Determine the sleep-related changes in genioglossus muscle activity in behaving DBH-cre mice.

Investigate the contribution of A/C1 noradrenergic/adrenergic neurons to sleep-related depression of genioglossus muscle activity using the Inhibitory DREADD (hSyn-DIO-hM4Di-mCherry).

Employ immunohistochemistry to complement the chemogenetic approach and determine expression of DREADD in noradrenergic, TH-positive neurons.

Investigate the contribution of A7 noradrenergic neurons to sleep-related depression of genioglossus muscle activity using the excitatory DREADD (hSyn-DIO-hM3Dq-mCherry).

Determine sources of noradrenergic and cholinergic excitatory drive to hypoglossal motoneurons (XII) that innervate the upper airway muscles.
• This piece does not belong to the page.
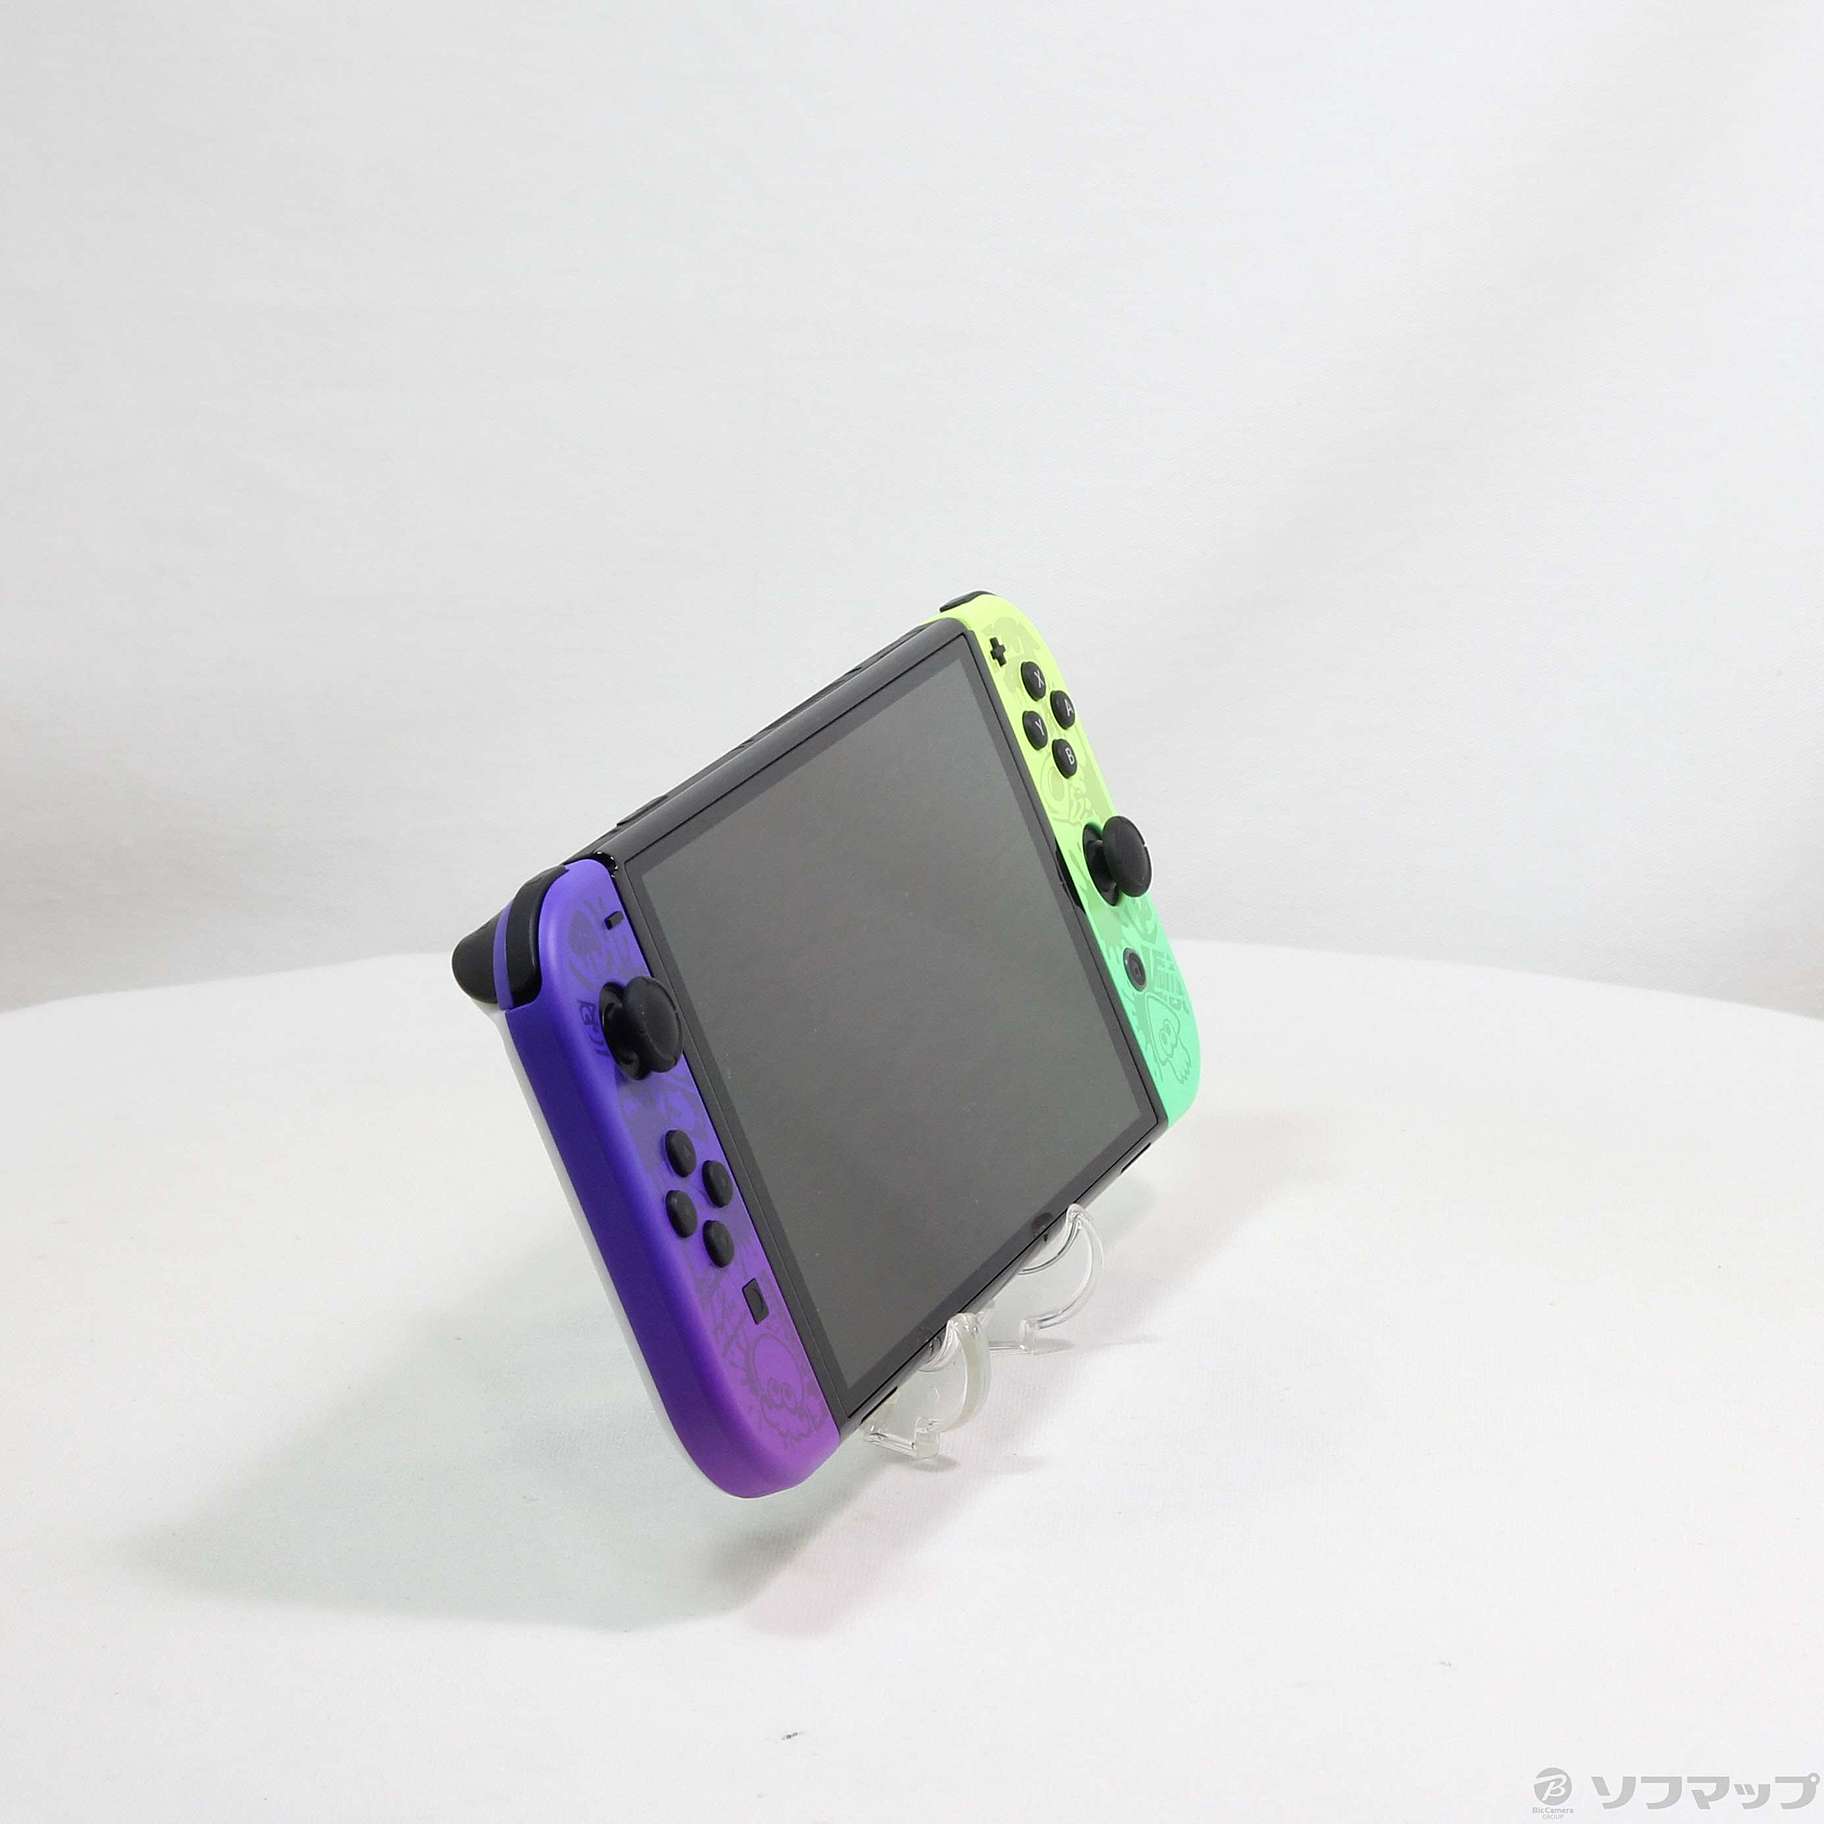 Nintendo Switch 有機ELモデル スプラトゥーン3エディション

Determine the effect of chronic intermittent hypoxia (CIH), a major pathogenic factor of OSA, on noradrenergic innervation of XII motor motoneurons using the Channel Rhodopsin2 (ChR2)-assisted tracer in DBH-cre mice exposed to CIH, an animal model of OSA.
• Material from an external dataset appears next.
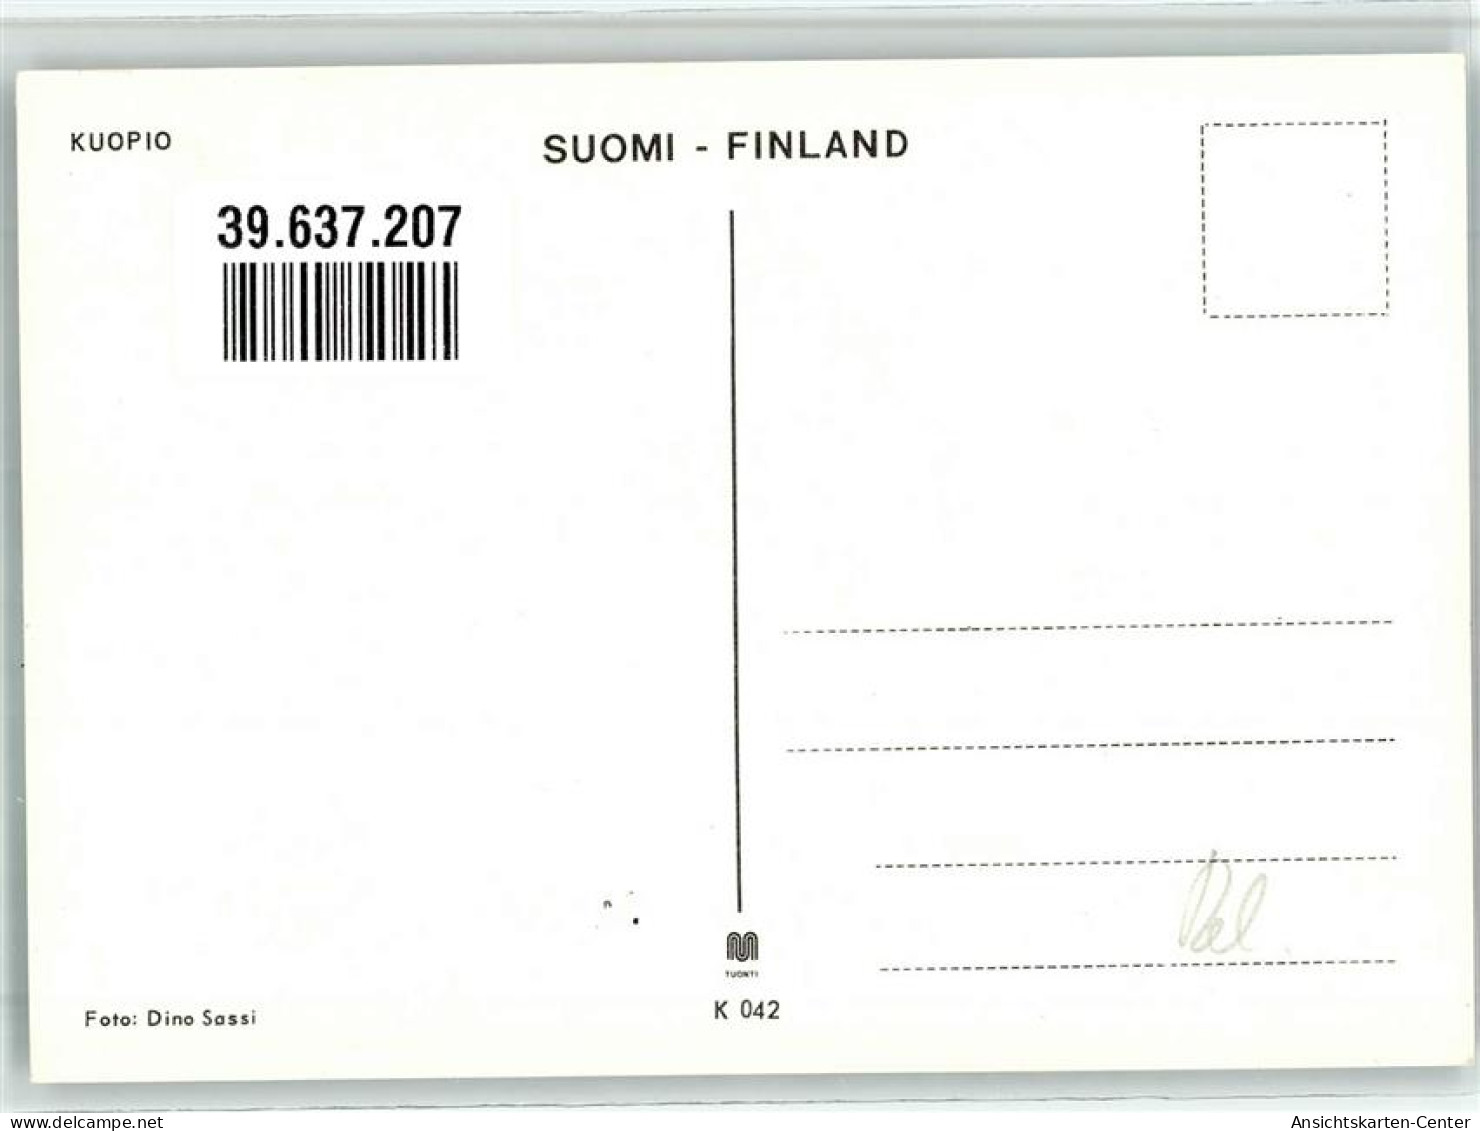 39637207 - Kuopio - Finland

OSA is a chronic disorder caused by repeated upper-airway collapse during sleep, resulting in episodes of apnea and arousals that result in fragmented sleep and intermittent hypoxia/reoxygenation, hypercapnia, and increased sympathetic activation. In OSA patients, the hypoxic burden in addition to sleep deprivation is associated with further molecular and cellular disruptions, leading to oxidative stress, neuronal injury and apoptosis. These key injurious stimuli give rise to major cardiovascular, metabolic, cognitive and neurodegenerative disorders, and the progression of cancer. OSA is more prevalent in men than in women and its prevalence increases with age. The major contributor to OSA pathophysiology is the sleep-related reduction of the tone in upper airway muscles, mainly the genioglossus (GG) muscle which is the major upper airway dilator.
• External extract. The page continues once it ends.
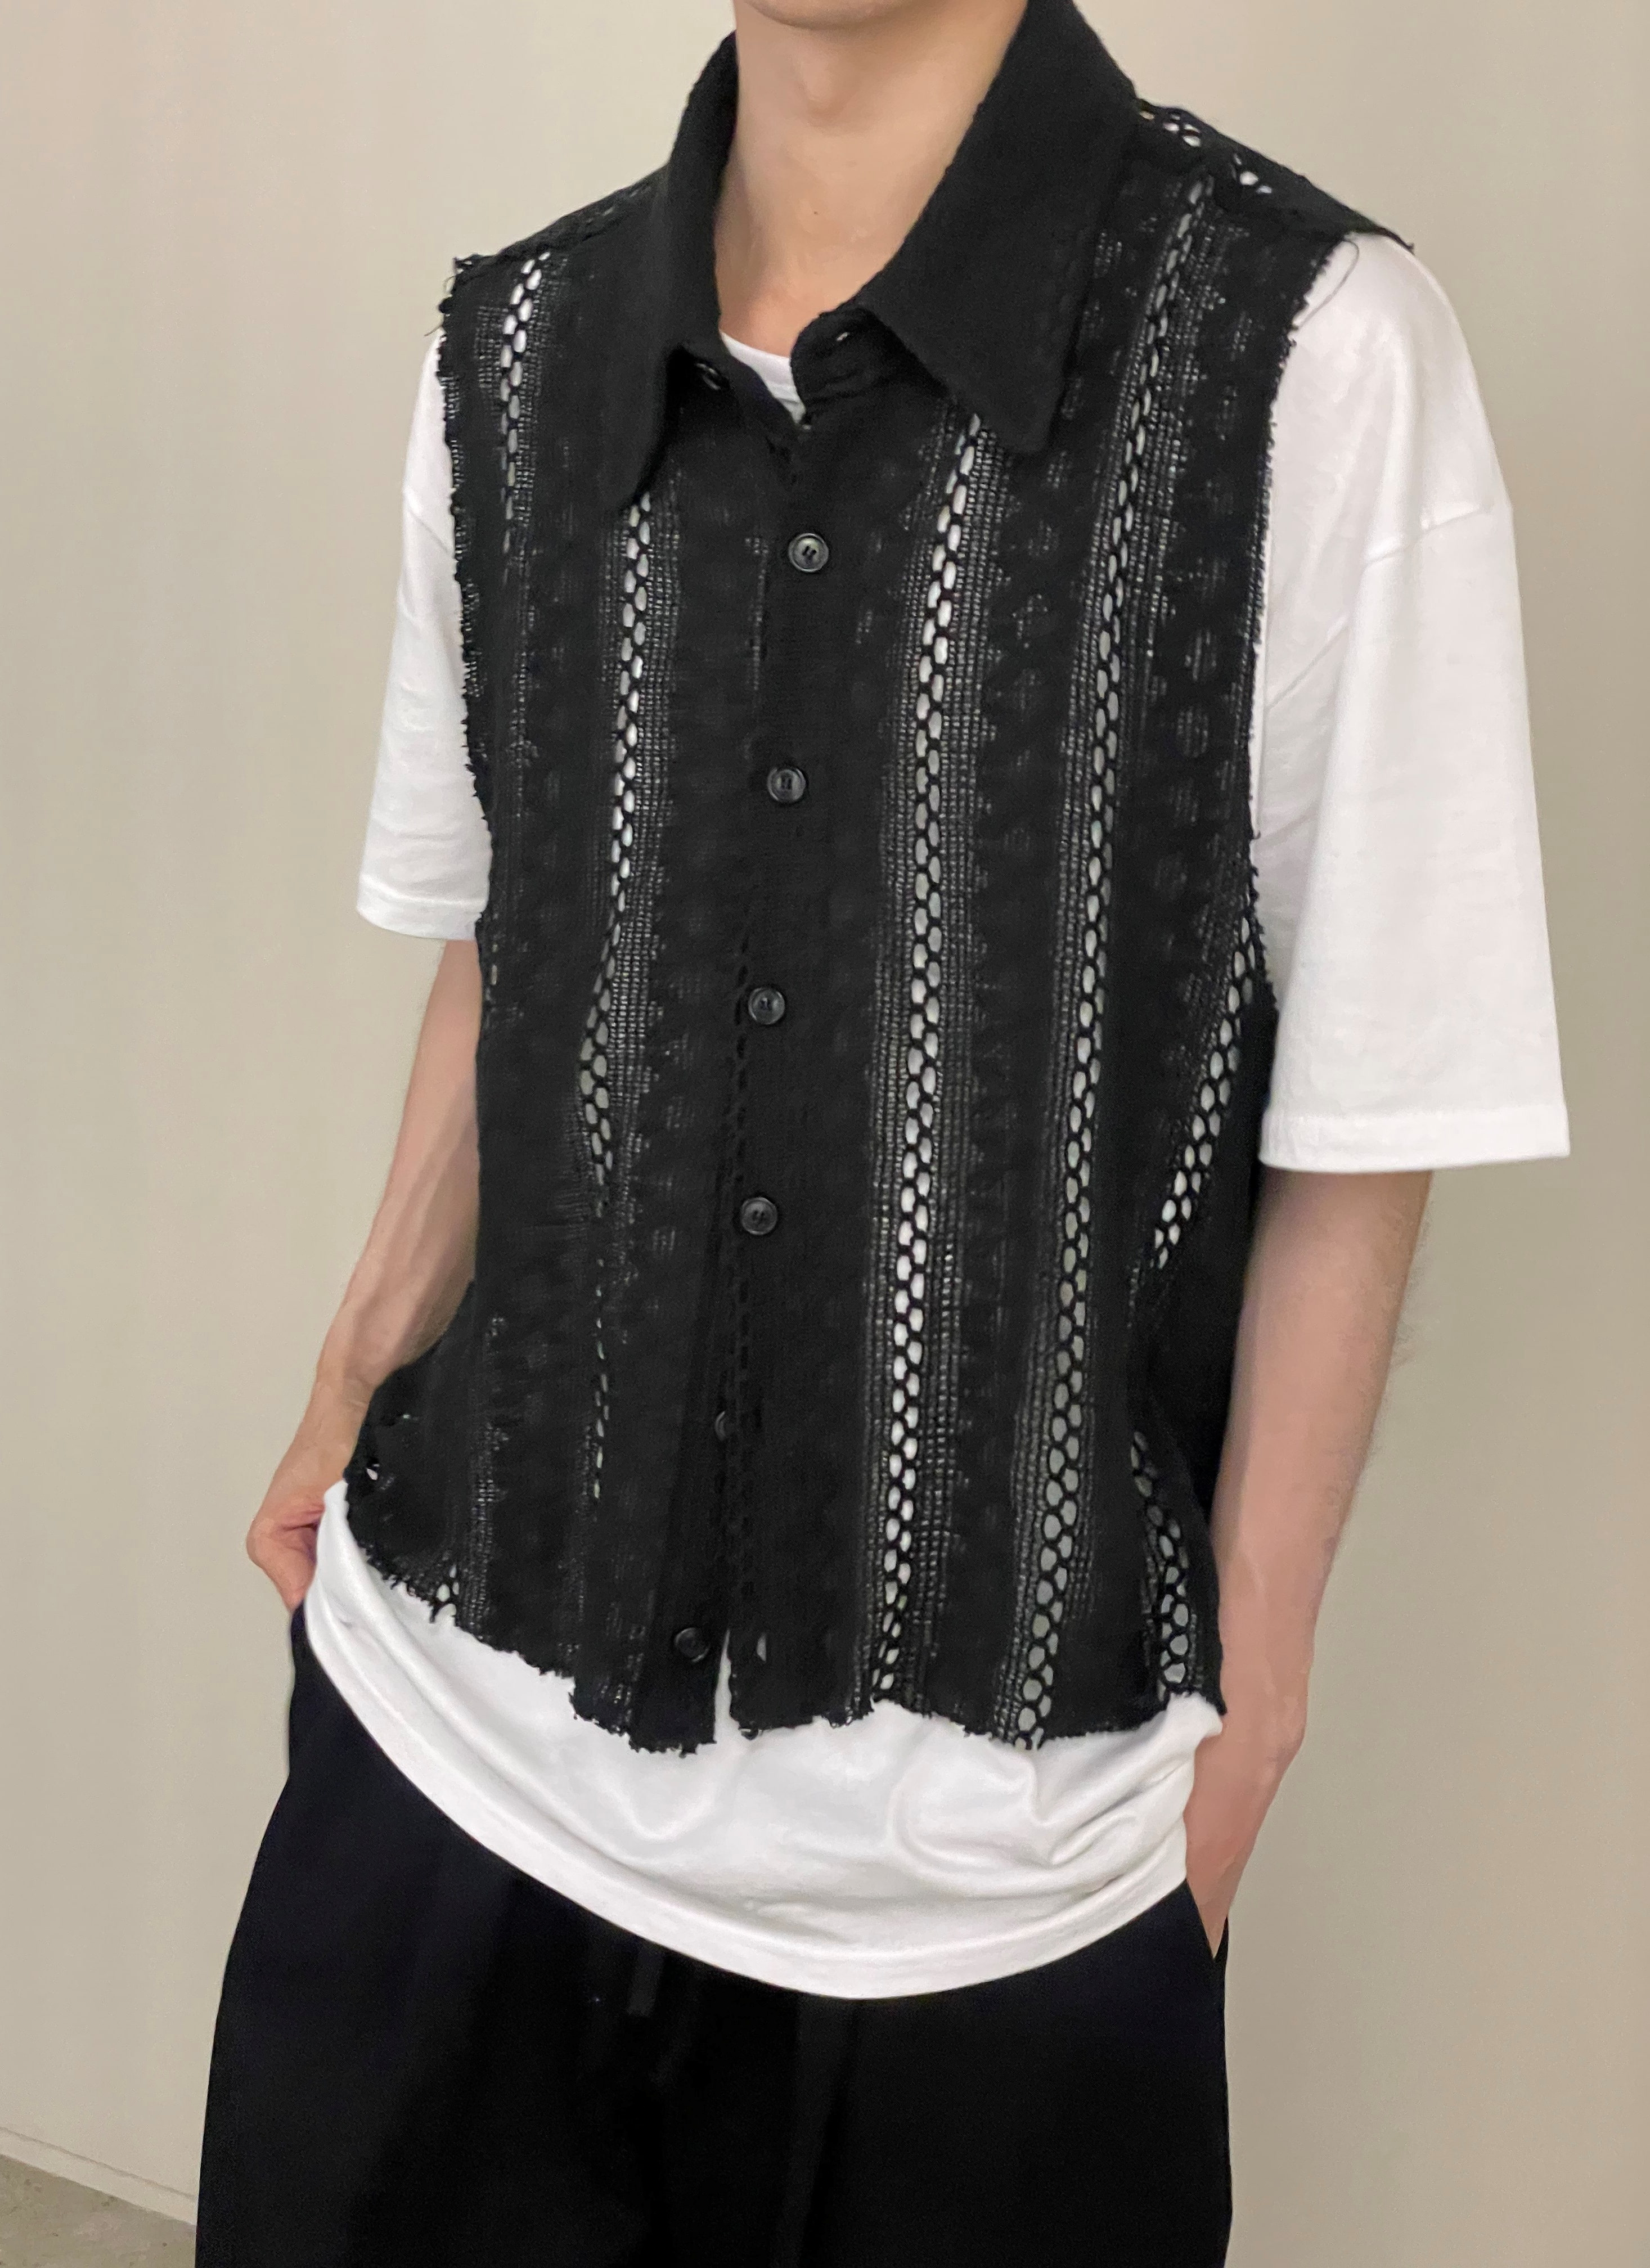 Nobleman lace vest

We focus to define neural connections to upper airway motoneurons and neurochemical mechanisms that are responsible for upper airway collapse during sleep in young and elderly population, and identify neuronal targets for therapeutic approaches to develop pharmacological treatment and novel interventional strategies for OSA. To this end we use chronic intermittent hypoxia (CIH) a mouse model of OSA, recording of sleep and wakefulness in behaving mice, recording of upper airway muscle activity during sleep and wakefulness, plethysmography, neuronal tracing (AAV-EF1a-DIO-hChR2(H134R)-mCherry and retrograde tracers), chemogenetics (inhibitory-hSyn-DIO-hM4Di-mCherry & excitatory-hSyn-DIO-hM3Dq-mCherry DREADDs), Cre Driver lines of transgenic mice, electrophysiology and neuropharmacology.

The long-term goal of our laboratory is to determine the underlying mechanisms of:

1. Pathophysiology of obstructive sleep apnea (OSA)
2. Neural mechanisms of age-related increase in OSA prevalence
3. Sex differences in OSA
4. How OSA contribute to age-related cognitive deficits and neurodegeneration
5. To develop pharmacological therapies and gender-specific interventional strategies for OSA treatment and prevention of its comorbidities.